To Giorgio on the train, thank you for looking out for us, for your thoughtful conversation, and hosting us to a quick and delicious focaccia pizza in Genova. We bless you and thank you. Please let us know next time you are in the states!!)
So each day has been filled, whiplashing from extreme to extreme, and we make our way closer to Africa, seeing lands along the way, resting our heads in lovely, strange places. For a girl like me – who loves taking a slow pace, a savorer, a romantic – these days are hard phsyically and emotionally. Draining, and then so filling. Drained and filled and drained and filled. I know He is preparing us for that empty-vessel life He longs for us all to have.

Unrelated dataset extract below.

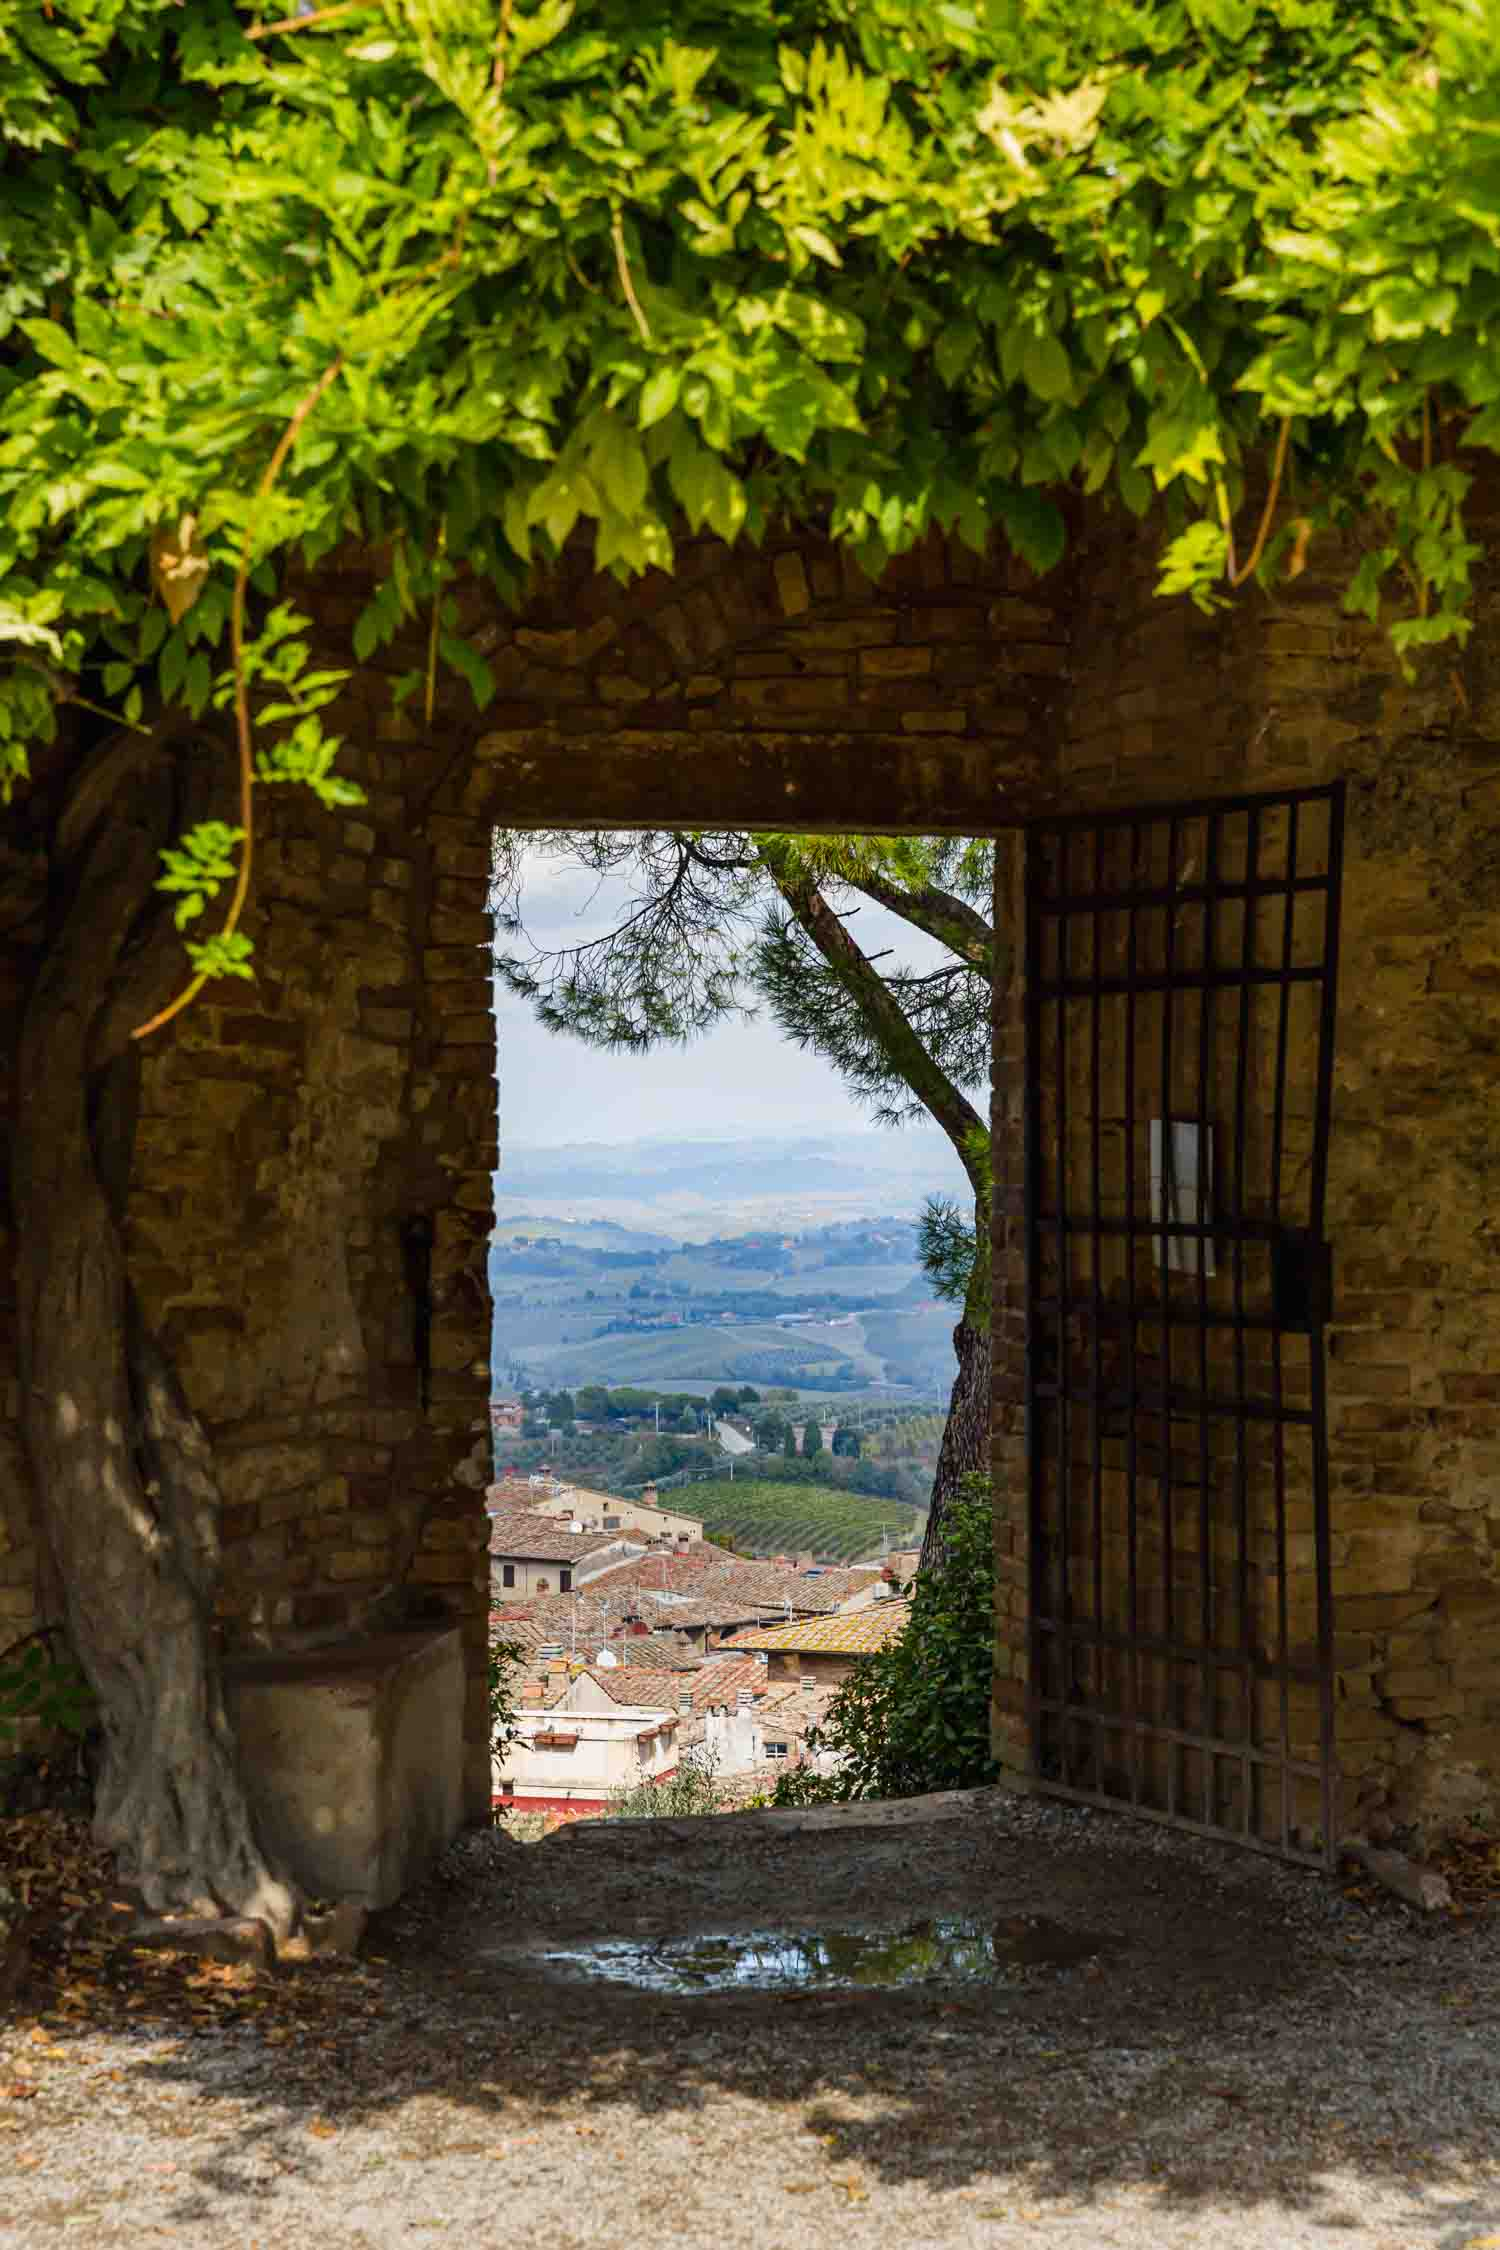 Incredible views in San Gimignano, Italy. #tuscany #travel #italy #italianfarmhouse #olivegroves #travelphotography #vineyards #italyinautumn #beautifulitaly #vegantravel #italytravel #veganitaly #vegantuscany #veganhotel #ecotourism #organichotel #veganhotel #veganretreat #veganbedandbreakfast #sangimignano

It all only makes me more hungry for Jesus, His love, His healing, his Heaven, which encompasses these most mysterious and awe-inspiring parts of this earth – sanctified, complete, whole – and then some.
We are trying to complete some of our pre-Harvest School reading and training along the way, which has been pretty challenging but not impossible. We may or may not have fallen asleep during a few videos but I know God’s truths are paving an important path to prepare us for life and school. We are both looking forward to sitting still in our little cabin home in Johannesburg with our schoolmates and teachers for a while, to making new friends and working alongside others.
In the words of our other Aussie friend who swam and chatted with us in Villefranche sur Mer yesterday (she looked like Olivia Newton-John), “Feel the fear and do it anyway!”
At every crossroads where there has been fear and a temptation for a way out or way around, God has whispered, “Go through.”
At the end of every dark tunnel is blinding light.
At the end of every long, frightening night is the break of dawn.
Birthing pangs seem impossible except for the joy that is set before you – a new, breathing, pulsing life.